Upgrading Postgres for MusicBrainz Live Data Feed users

We’re slowly approaching that time of year: Schema change release time. After skipping our fall update to focus on some internal tasks, we’re ready to have another schema change release in the spring: May 16, 2016

We have started the process to collect features we wish to release for this schema change release and we’ll be publishing that list in the coming weeks. However, we’re contemplating the impact of one more change we’d like to make: Upgrading to a more recent version of Postgres.

Internally we are going upgrade to Postgres 9.5, which was recently released, so we expect that the Postgres team will have worked out the most significant kinks before we’re ready to move to it. However, even though we are moving to 9.5, we are considering the impact on our downstream users/customers who need to make the same or similar change.

While we are moving to version 9.5 of Postgres, we have the option of only adopting features from Postgres 9.4, which means that our downstream users may continue to use Postgres 9.4. However, Postgres 9.5 has some nice features we’d like to use (e.g. UPSERT), so we’re pondering if it is possible for us to require Postgres 9.5 from all of ours Live Data Feed users starting on May 16, 2016. 

We have already informally queried a few of ours users and so far it seems that requiring Postgres 9.5 is feasible. If you are a Live Data Feed user and feel that this requirement of Postgres 9.5 is too much for your and your organization by May 16, 2016, please leave a comment to this blog post!

Schema change release, 2015-05-18 (including upgrade instructions)

Our previously mentioned schema change release is finished! Below will be upgrade instructions, including configuration updates for replication access tokens.

This release does not include UI for several of the schema change patches, which will (hopefully) happen for next release on June 1. The incomplete patches are MBS-7489 (credits for artists in relationships), MBS-4145 (tag upvote/downvote), and MBS-8004 (collections for additional entity types). These patches have had their schema change components finished, but the UI was incomplete or needed more work.

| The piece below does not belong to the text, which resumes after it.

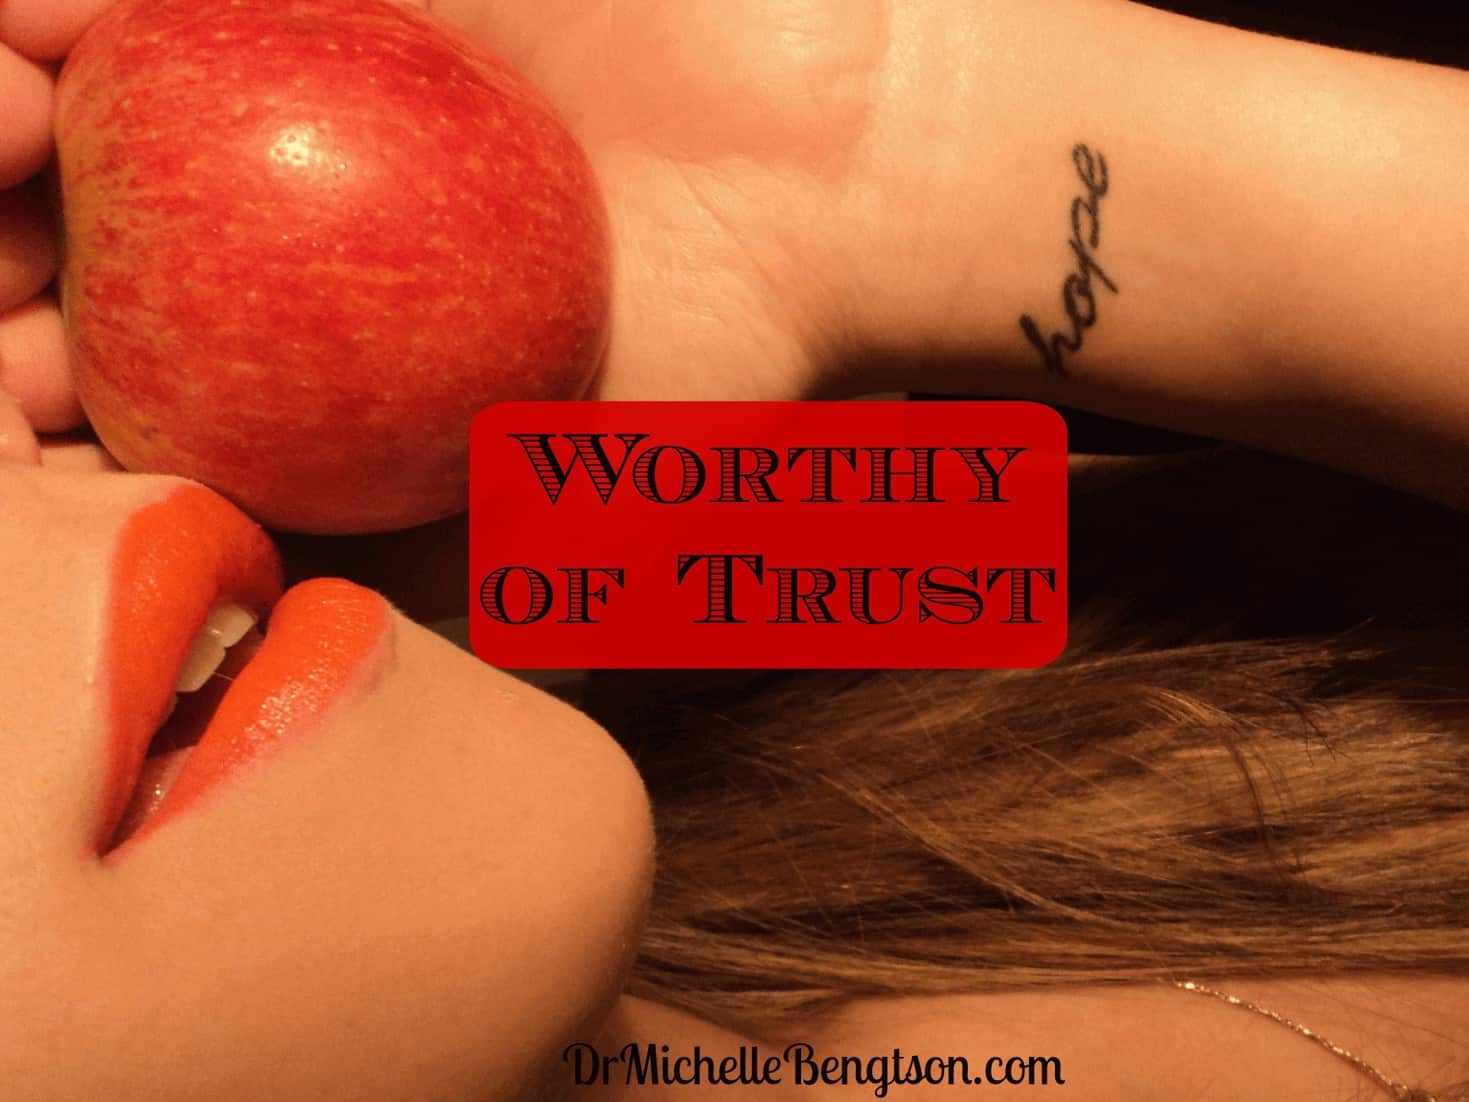 Worthy of Trust
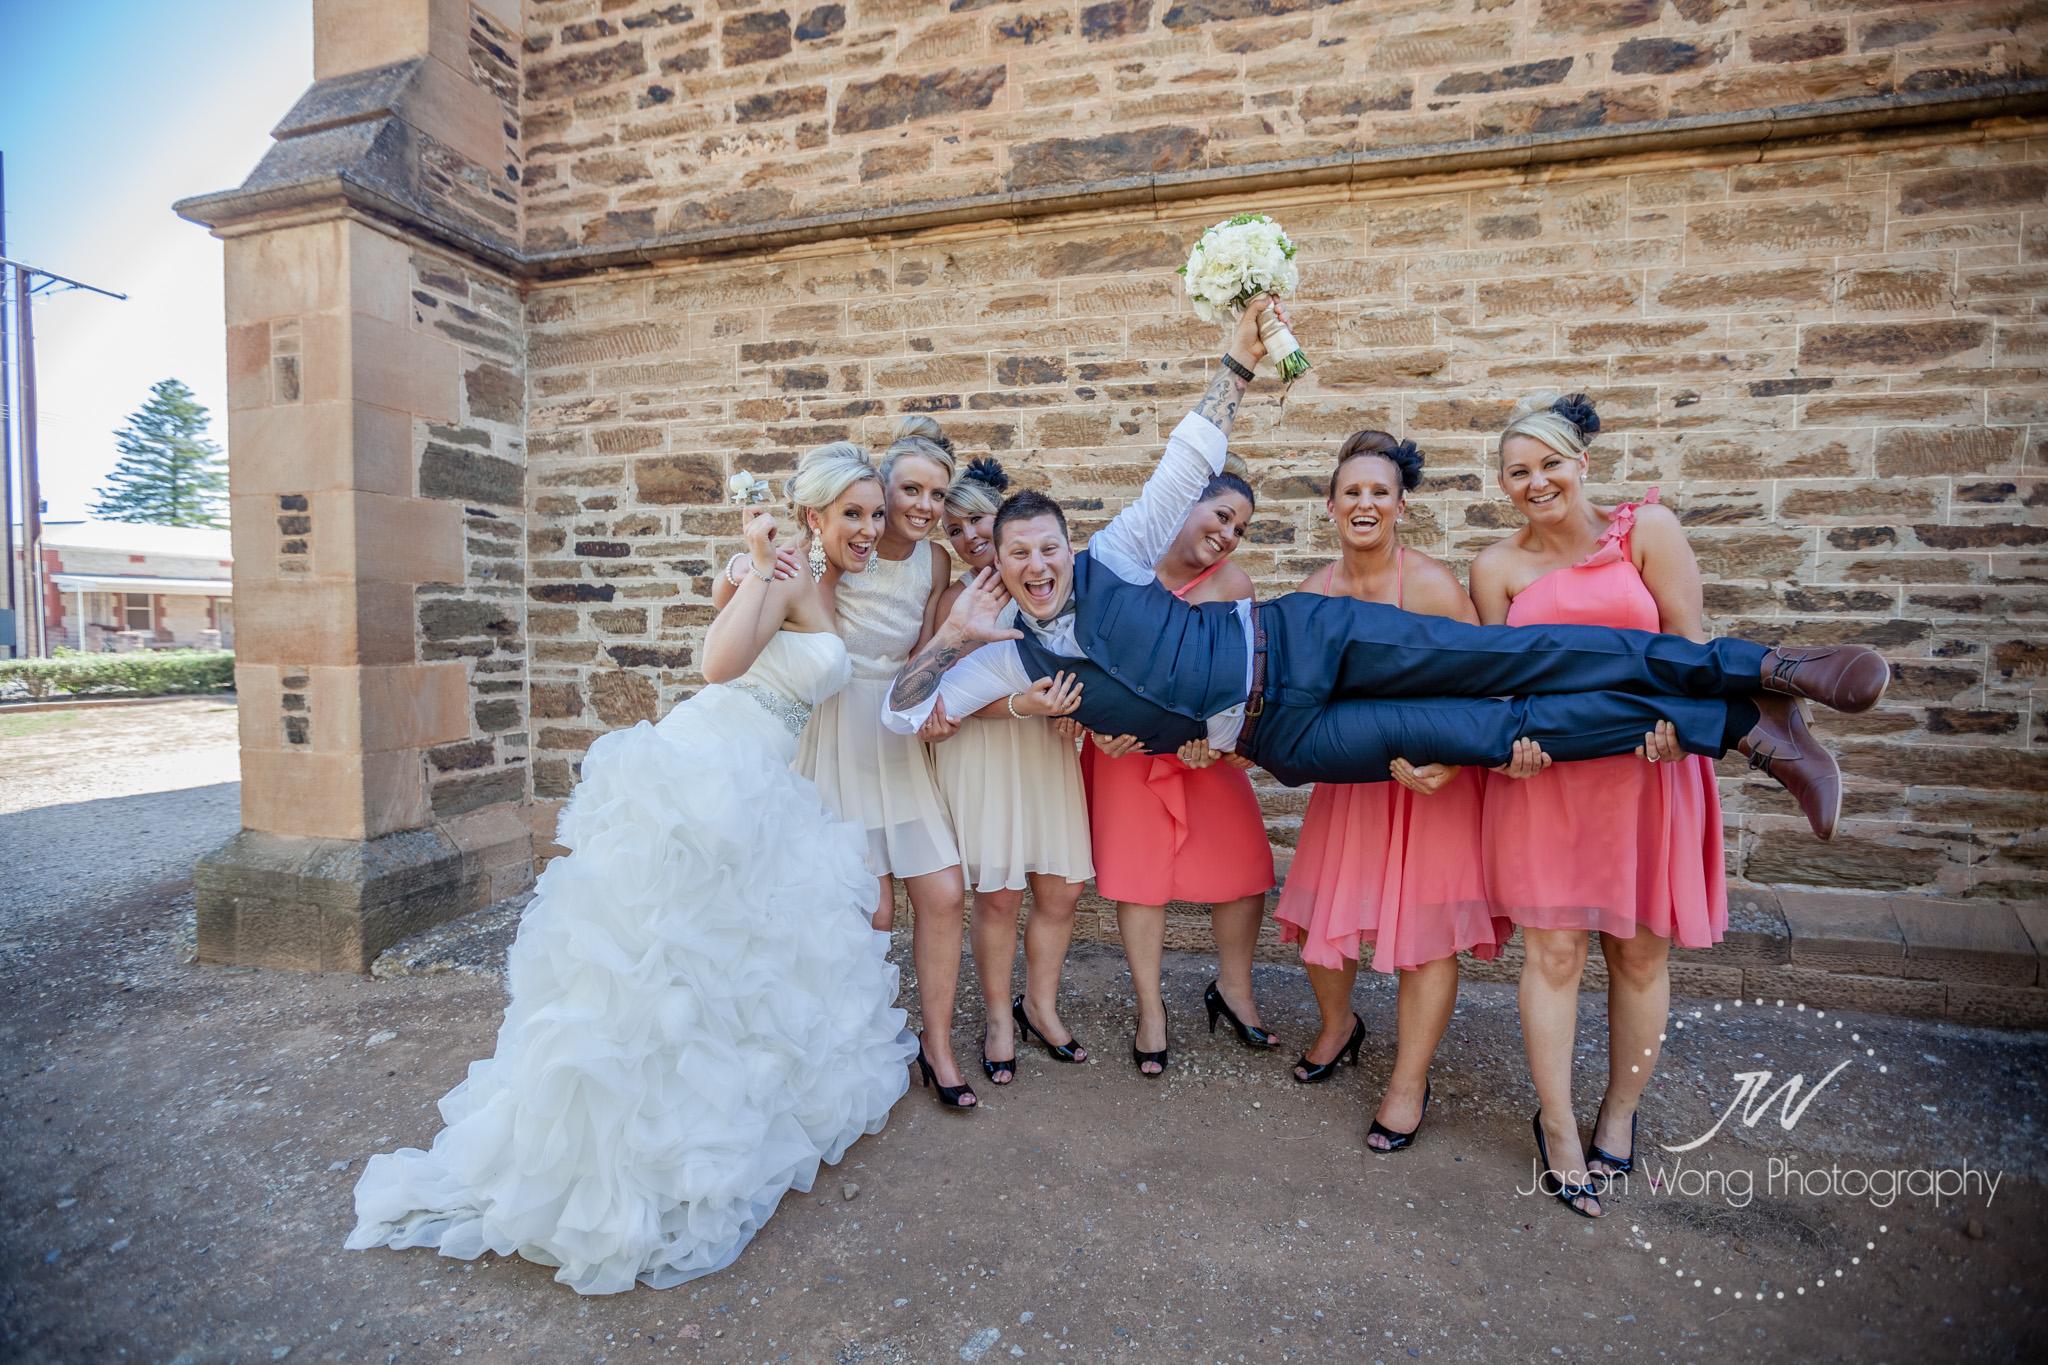 fun-bridal-party-shoot.jpg

Schema Change Upgrade Instructions

These are largely as previous upgrade instructions, using the tag v-2015-05-18-schema-change. The primary difference is the inclusion of configuring an access token for replication.

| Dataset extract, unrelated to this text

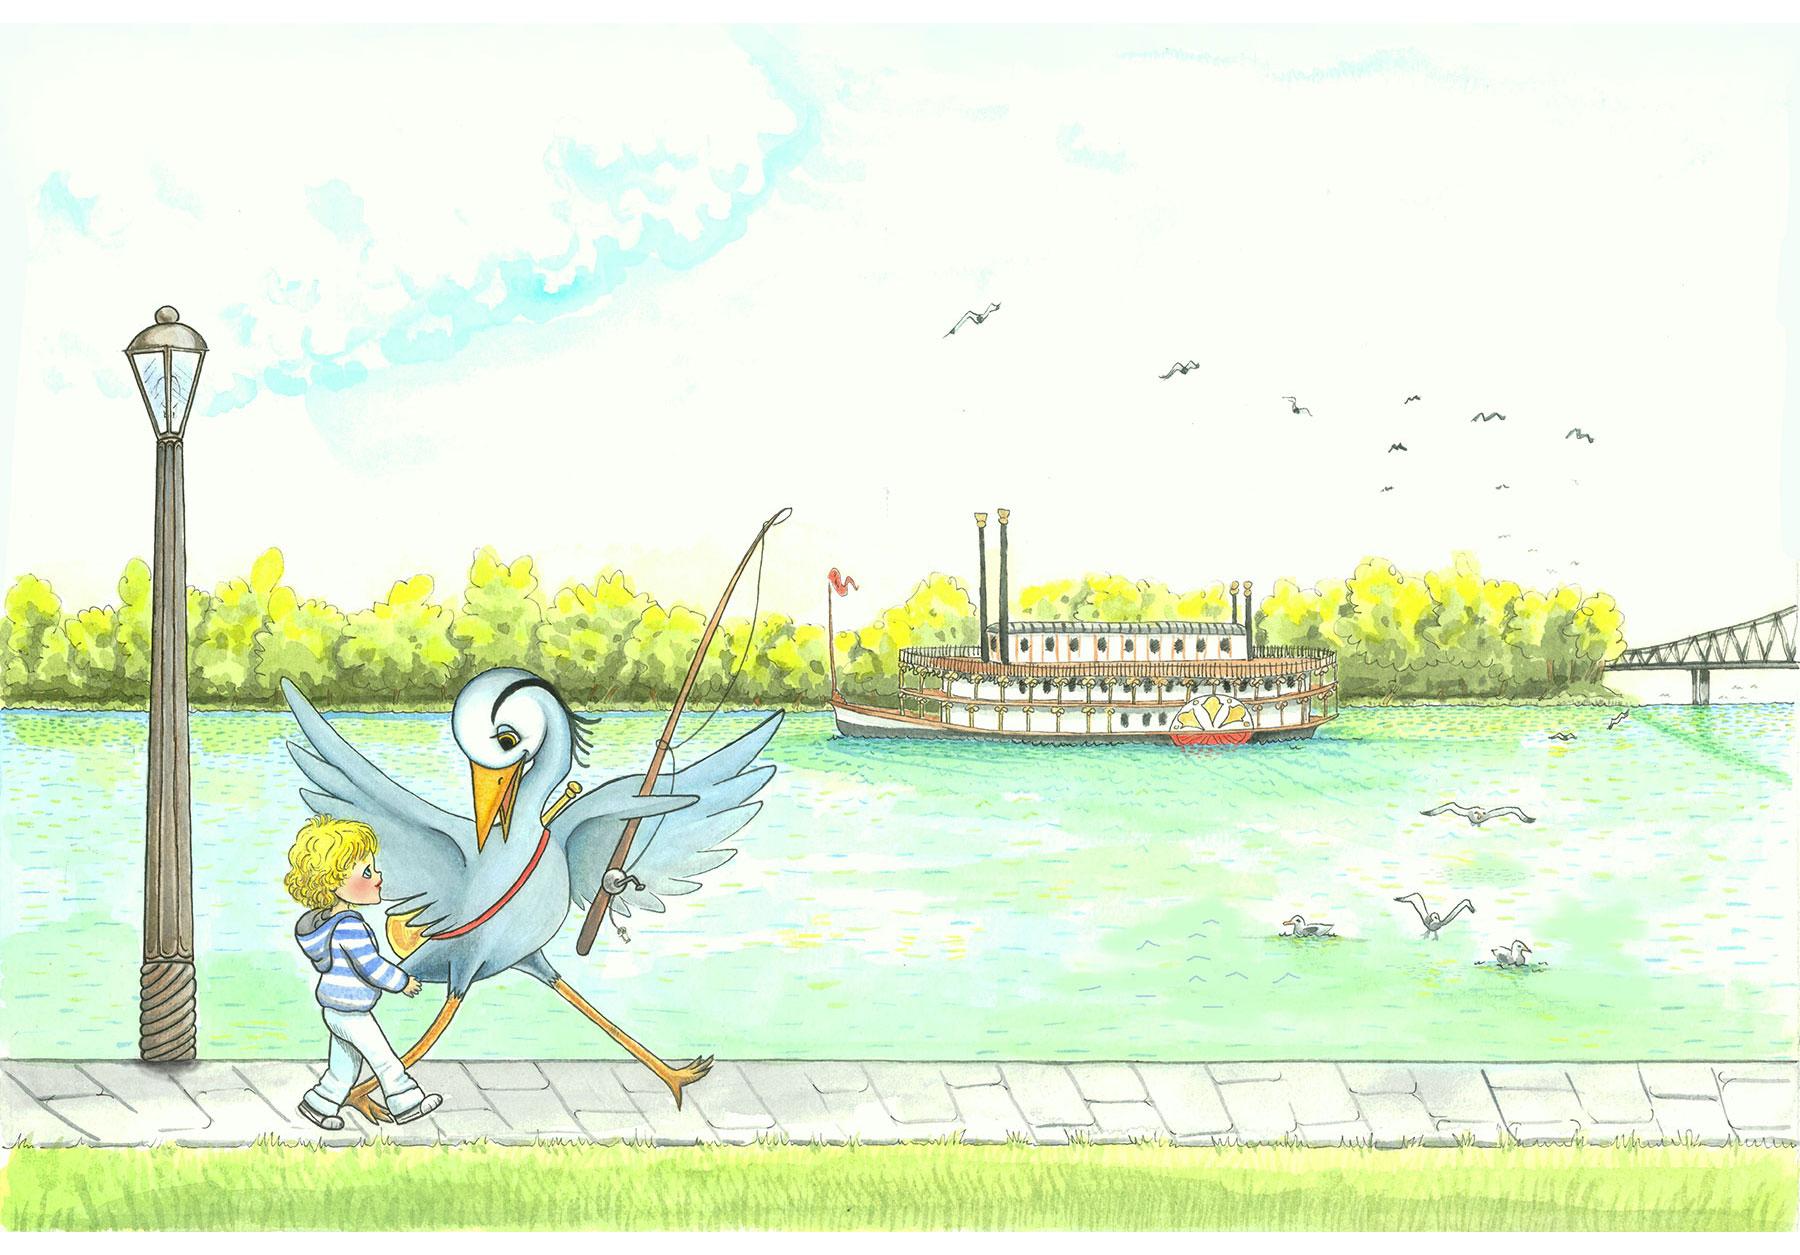 The Illustrations

  1. Make sure your REPLICATION_TYPE setting is RT_SLAVE and your DB_SCHEMA_SEQUENCE is set to 21 in lib/DBDefs.pm. If you’re running a standalone server, you can run the upgrade, but it may be easier to just import a new data dump!
  2. Ensure you’ve replicated up to the most recent replication packet available with the old schema. (if you’re not sure, run ./admin/replication/LoadReplicationChanges and see what it tells you; if you’re ready to update, it should say “Mismatched schema sequence, 21 (database) vs 22 (replication packet)”).
  3. Take down the web server running MusicBrainz, if you’re running a web server.
  4. Turn off cron jobs if you are automatically updating the database via cron jobs.
  5. Switch to the new code with git fetch origin followed by git checkout v-2015-05-18-schema-change
  6. Run ./upgrade.sh (or carton exec -Ilib -- ./upgrade.sh if you’re using carton, with very old setups).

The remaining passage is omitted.